# Jeffs Sauce and Rub Recipes



## raybones (Mar 23, 2010)

I am really new here and have read a lot about his sauces and have been a little hesitant about spending the money for what sounds like 2 recipes.  On the other hand it is simalar to purchasing a cookbook.  Can anyone tell me how many recipes he has for the purchase price?  I am really interested in them.  Are they as good as the reviews?


----------



## Dutch (Mar 23, 2010)

In answer to your question you get one recipe for Jeff's rub and one for his BBQ sauce and yes they are both excellent. You may think that the price is a bit high, but take into consideration that the proceeds of the rub and sauce sales is what helps keep SMF up and running along with the Premier Membership subscription.


----------



## thunderdome (Mar 23, 2010)

Raybones,
I was in the same boat...didn't know if it was worth it or what to expect...all I heard/read was "it's great". So I just didn't have a clue, but bought the recipes anyhow.

Well worth it!  Haven't used anything else on my pork since I got the recipe, and I tried the sauce on Sunday, and it was delicious.  You have my strong recommendation to place the order for your benefit AND you'll be helpin the site.

Just my 2 cents


----------



## harleyguy (Mar 23, 2010)

I just purchased Jeff's rub & sauce recipes yesterday. I have a couple of butts on the smoker right now with the rub on them.


----------



## placebo (Mar 23, 2010)

It's well worth the money IMO. I have learned so much from this site and that alone is worth the price he asks for his recipes. You won't be disappointed!


----------



## northern greenhorn (Mar 23, 2010)

I bought them both, the rub is great, I haven't tried the sauce yet, but I will, and I'm sure it is just as good, and you can doctor them up to suit your taste, I'm also a member of smf, I'm new to smoking foods, and there is a lot of people here with great input. I say purchase them you won't regret it.


----------



## mballi3011 (Mar 23, 2010)

It is really easy the answer is YES the recipes are worth it and like dutch says it is one of the reasons this place is still here. I also support Jeff in most of his ventures. He does have allot of videos on the how to in smoking meat serious


----------



## pineywoods (Mar 23, 2010)

They are both very good and well worth the money. I think you'll find buying the ingredients and making your own with the recipes will save you money before long the recipes pay for themselves


----------



## smokingriley (Mar 23, 2010)

I was in the same boat should I buy and are the reviews true?
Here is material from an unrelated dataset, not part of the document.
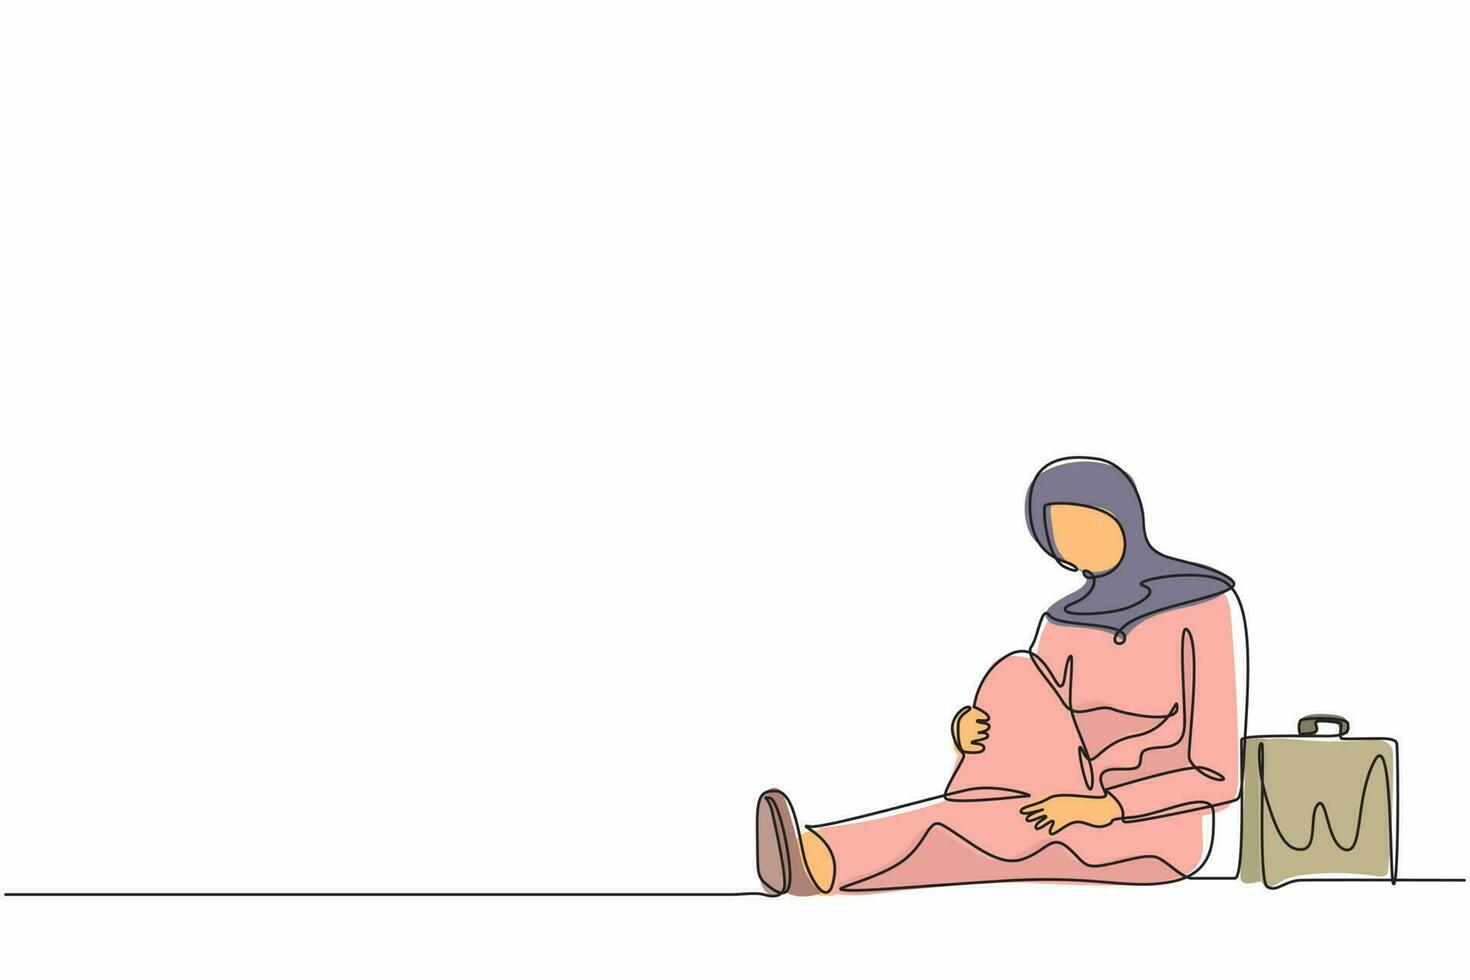 dessin en ligne continue unique femme d'affaires arabe déprimée avec une mallette assise désespérément sur le sol. expression de geste triste d'entrepreneur. syndrome d'épuisement professionnel. vecteur de conception d'une ligne

The answer is YES. I have been using it ever since I bought it. Just like the other guys say it goes toward a good cause, it keeps SMF open and working!


----------



## raybones (Mar 23, 2010)

Thanks to everyone for the feedback! I think you've convinced me.


----------



## boiseque (Mar 25, 2010)

I just ordered the resipes as well and signed up for the newsletter.  I have not had one bad experience with any of Jeff's resipes and I dont expect I will either, the man has a gift for good BBQ!


----------



## pandemonium (Mar 25, 2010)

My only concern is that Jeff seems too skinny to be eating all the food he makes, whats the deal? lol


----------



## wyatt2050 (Mar 26, 2010)

If you order  online does Jeff email you the recipes?


----------



## TulsaJeff (Mar 26, 2010)

I gotta show this to my wife.. she thinks I need to lose weight
	

	
	
		
		



		
		
	


	





I'm just good at sucking it in for pictures and videos


----------



## mudduck (Mar 26, 2010)

when you buy he sent it to you in a download
i have them and used them on all bbq they are great


----------



## TulsaJeff (Mar 26, 2010)

When you order the recipes, the system will automatically send you a download email with your password and download link.. if you don't see that within a few minutes or so, shoot me an email letting me know and I will send it to you manually. They also get caught in spam filter occasionally especially if you are on Yahoo, Comcast, MSN, Hotmail or AOL.


----------



## TulsaJeff (Mar 26, 2010)

Sorry mudduck.. looks like we posted at about the same time


----------



## mudduck (Mar 26, 2010)

jeff il give you some of mine i got to much lol


----------



## daver (Mar 26, 2010)

yes, with in minutes.  I just ordered this week, but haven't prepared them yet


----------



## mudduck (Mar 26, 2010)

thats ok i just won't hem to know how good it is i love it i just cut some of 
pepper


----------



## raybones (Apr 27, 2010)

To everyone out there trying to tell anyone how good this stuff is THANK YOU!!!!!  I pulled the trigger on this purchase a few weeks ago and I have to tell you I have used this on Ribs, Chicken and Steak and it gives you SOME OF THE BEST BARK EVER!!!!!!!!  THANK YOU JEFF!!  YOU ARE THE MAN!!!  I get such praise for my food due to your rub.  I owe you one.  I still need to make your sauce I hope I have similar results.  I can't wait!   THANKS AGAIN!!  -Raybones


----------



## tim4mel (May 21, 2010)

I ordered these ages ago.  They are great..........but, I lost them when my computer crashed.  Is there any way to get them without buying them again?


----------



## fife (Apr 14, 2011)

You will love the rubs you make and Jeff's Is great.


----------



## rmciottijr (Jul 18, 2015)

I purchased Jeff rub and sauce recipe but lost it is there any way to get it back?


----------



## Dutch (Jul 20, 2015)

Send a PM to Jeff Phillips. He may have record of when you ordered his recipes.


----------



## joe black (Jul 20, 2015)

Yes, Yes.......and Yes.  Get the recipes.  I copied recipes from everywhere for months and put all of the ingredients on a spreadsheet.  After doing the averaging and adjusting,  I concocted a recipe that I liked.  Then I still tweaked it a little bit after using it several times.  I bought Jeff's recipes and really like them.  The rub is great and the sauce is too.  This sauce gives me a tomato option that I did not have before.  The rub has a sweetness along with a little heat that is not too strong or long lasting.   They both suit my taste as well as my friends and family.


----------